Tutto il suo contenuto era sparso sul pavimento... e naturalmente non
si trattava di yen.
-
Cosa c'era dentro? - fece Nino, osservando le monete sul pavimento.
- Oh, non è importante, davvero... - disse Ohno, cercando di attirare il ragazzo di nuovo a sé, ma inutilmente.
Nino
si divincolò, e riuscì a prendere una delle
monete. La osservò,
poi guardò Ohno, sospettoso.
-
Non... non è nulla, davvero - disse Ohno.
- Non sei un collezionista di monete... cosa sono?
- Davvero, non c'è bisogno che tu lo sappia....
Nino
sorrise maliziosamente.
-
Sai, tu potresti non dirmi nulla, e io potrei legarti a questo letto
mentre mi prendo del tempo per decidere quando concludere...
oppure potresti dirmi da dove vengono queste monete, e io potrei fare
in modo che tu non te ne penta... a te la scelta!
Non
sarà un figlio di Afrodite, ma di certo sa come convincermi.
E, in
ogni caso, ha il diritto di sapere.
- Va
bene, va bene - disse Ohno. - Ecco... io ho un segreto.
- Tutti hanno dei segreti... - fece Nino. - ... e io sono decisamente curioso di conoscere i tuoi, Oh-chan....
- Promettimi che non ti spaventerai - disse Ohno.
- Ti conosco già bene... non credo ci sia molto che potrebbe spaventarmi, ormai! - fece Nino, sorridendo.
- Va bene. È iniziato tutto il giorno del mio dodicesimo compleanno....
*
-
Ta-ta-do-ha-ma - fece
il piccolo
Ohno, sorridendo.

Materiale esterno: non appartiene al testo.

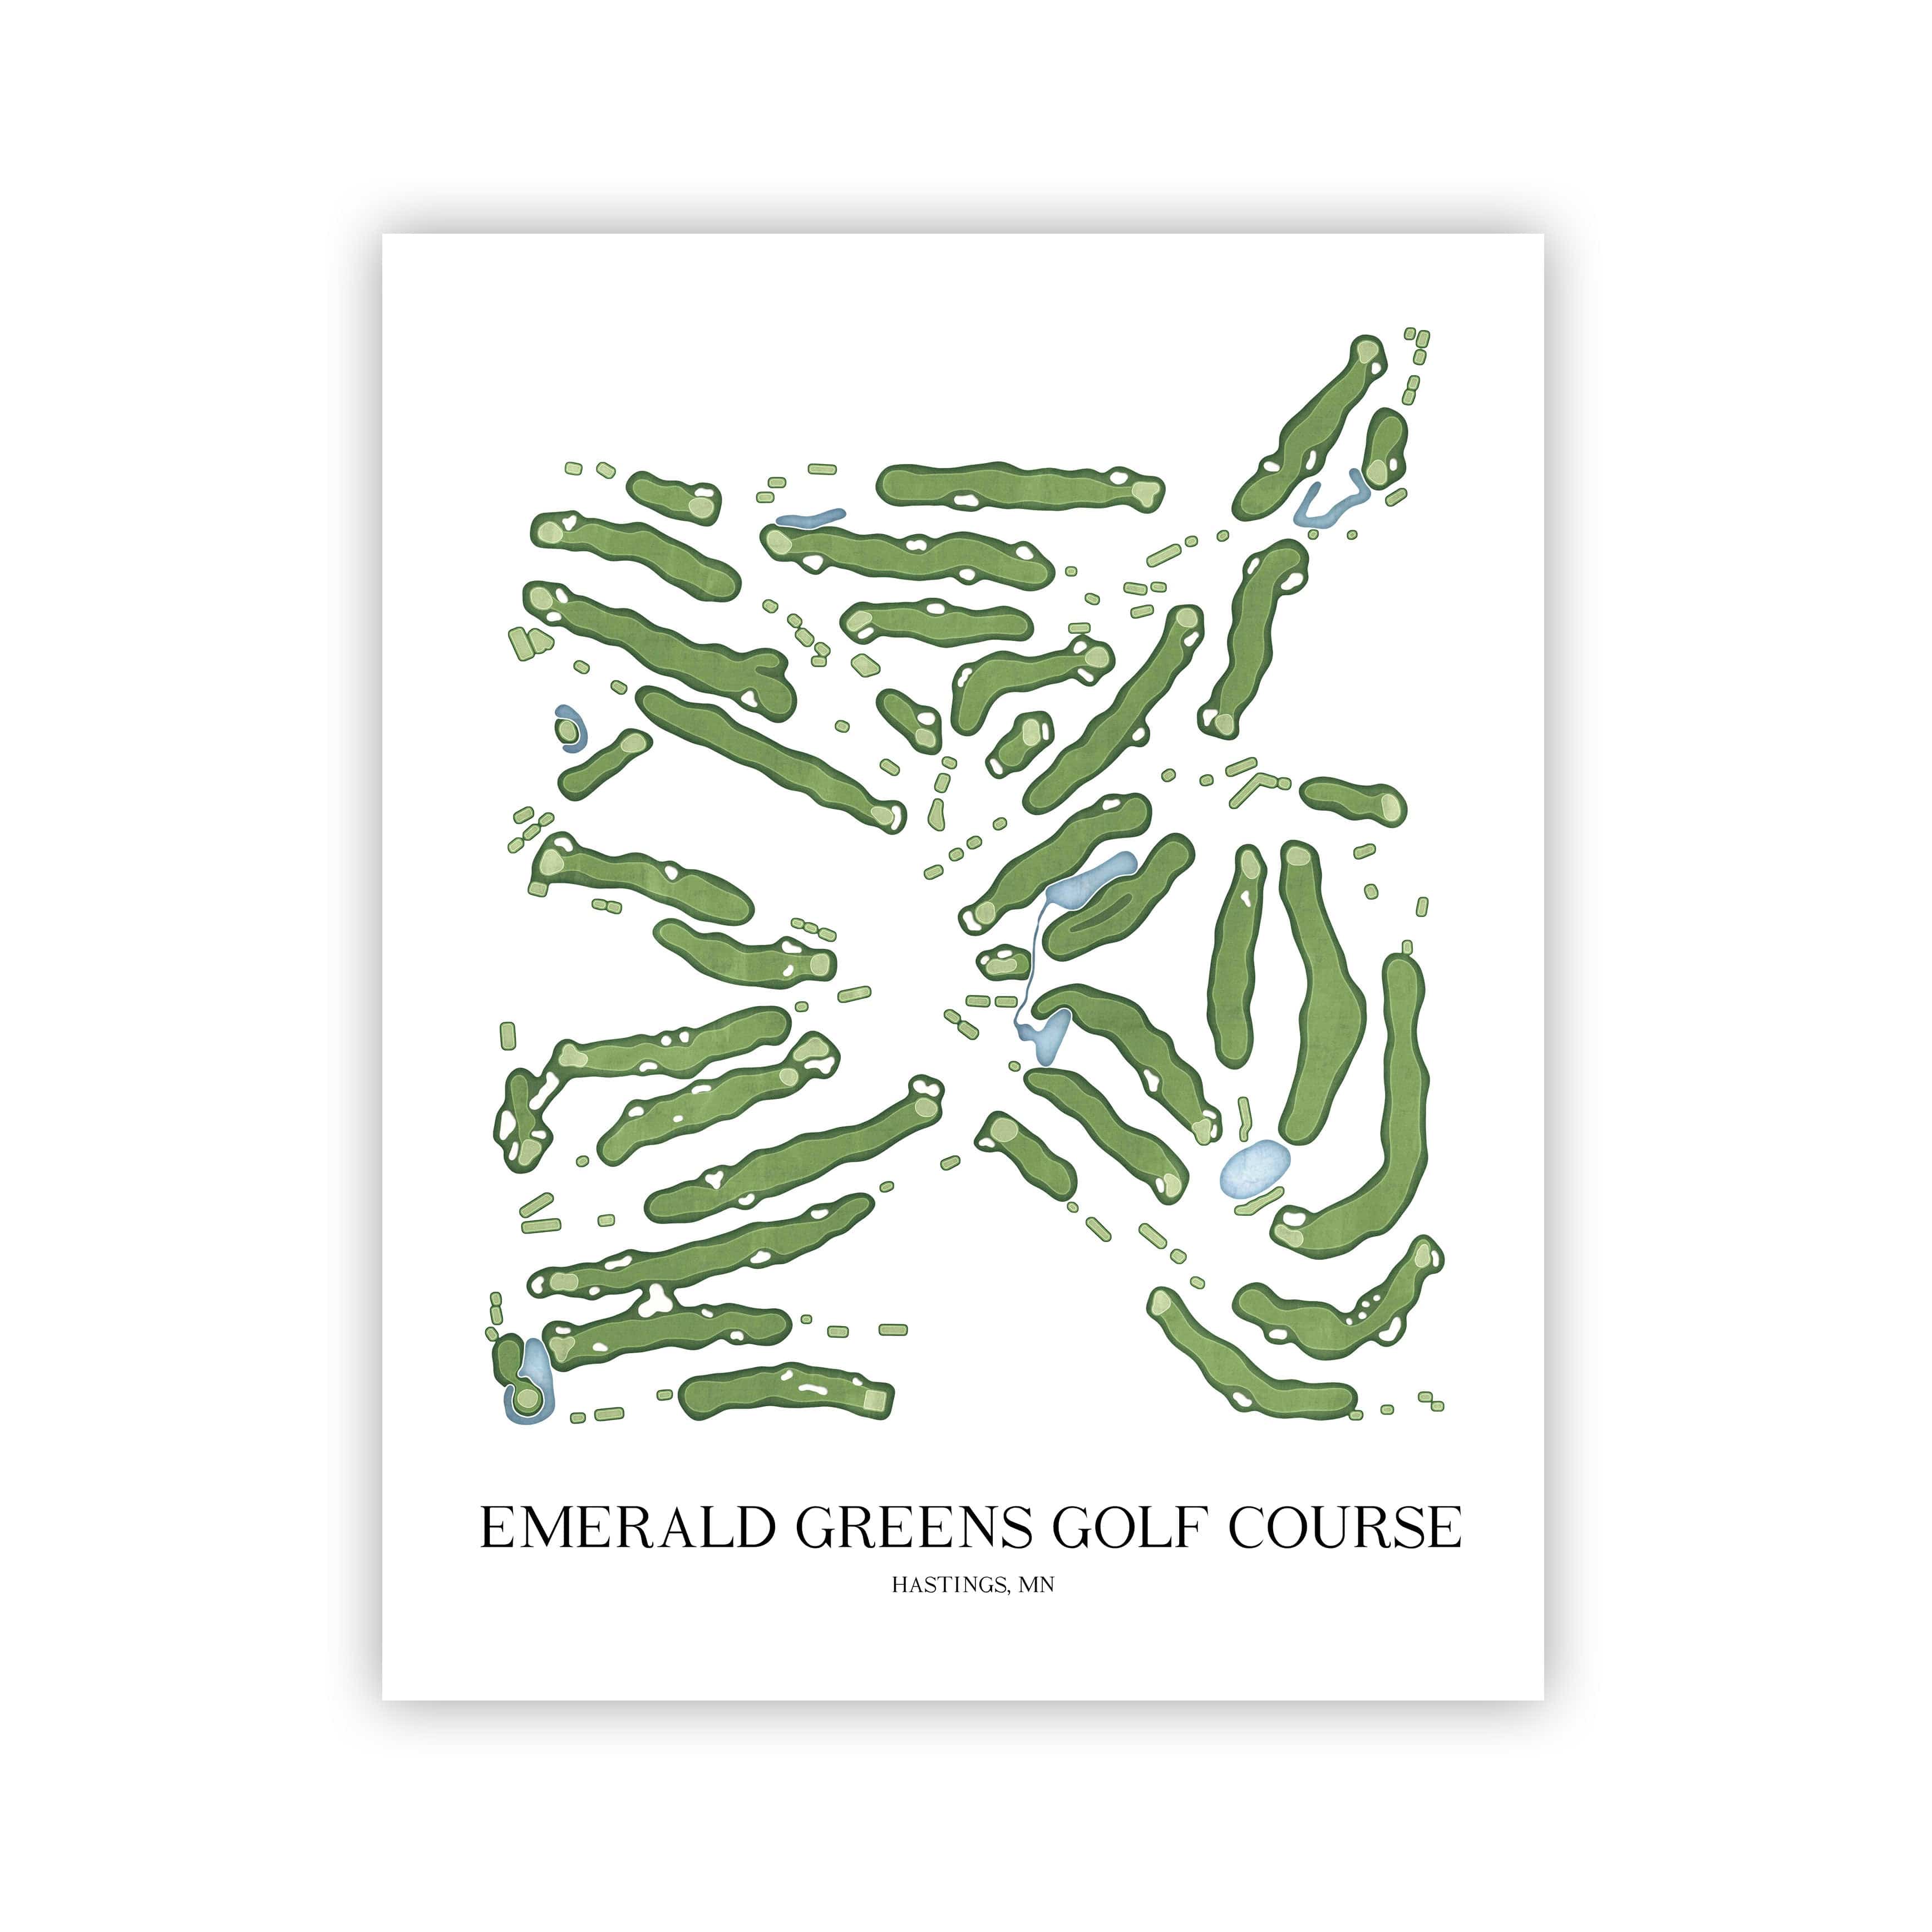 The 19th Hole Golf Shop - Golf Course Prints -  Emerald Greens Golf Course Golf Course Map

Era fiero di sé, perché era
riuscito a leggere
cosa ci fosse scritto sul cartellone della stazione.
Non
sempre riusciva a leggere ciò che si trovava davanti a lui;
anzi, il
più delle volte i kanji gli sembravano soltanto un intreccio
ingarbugliato di linee. Per questo era diverso dagli altri ragazzi
della sua età. Dislessia, ecco
di cosa si trattava, almeno a detta di sua madre. Lei non amava molto
che se ne parlasse, ed ogni volta sembrava esageratamente preoccupata
per la cosa.
-
Bravissimo, Satoshi-kun! - esclamò sua madre, trascinando
dietro di
sé il valigione con la roba di entrambi.
C'era
qualcosa di strano, in quella gita al mare. Tanto per cominciare,
né
suo padre né sua sorella erano presenti. Era un viaggio solo
per lui
e sua madre, organizzato per festeggiare il suo compleanno, e sua
madre sembrava molto nervosa al riguardo, sebbene cercasse in tutti i
modi di nasconderlo.
- Tra
poco andremo al mare, vero? - chiese lui, con aria eccitata.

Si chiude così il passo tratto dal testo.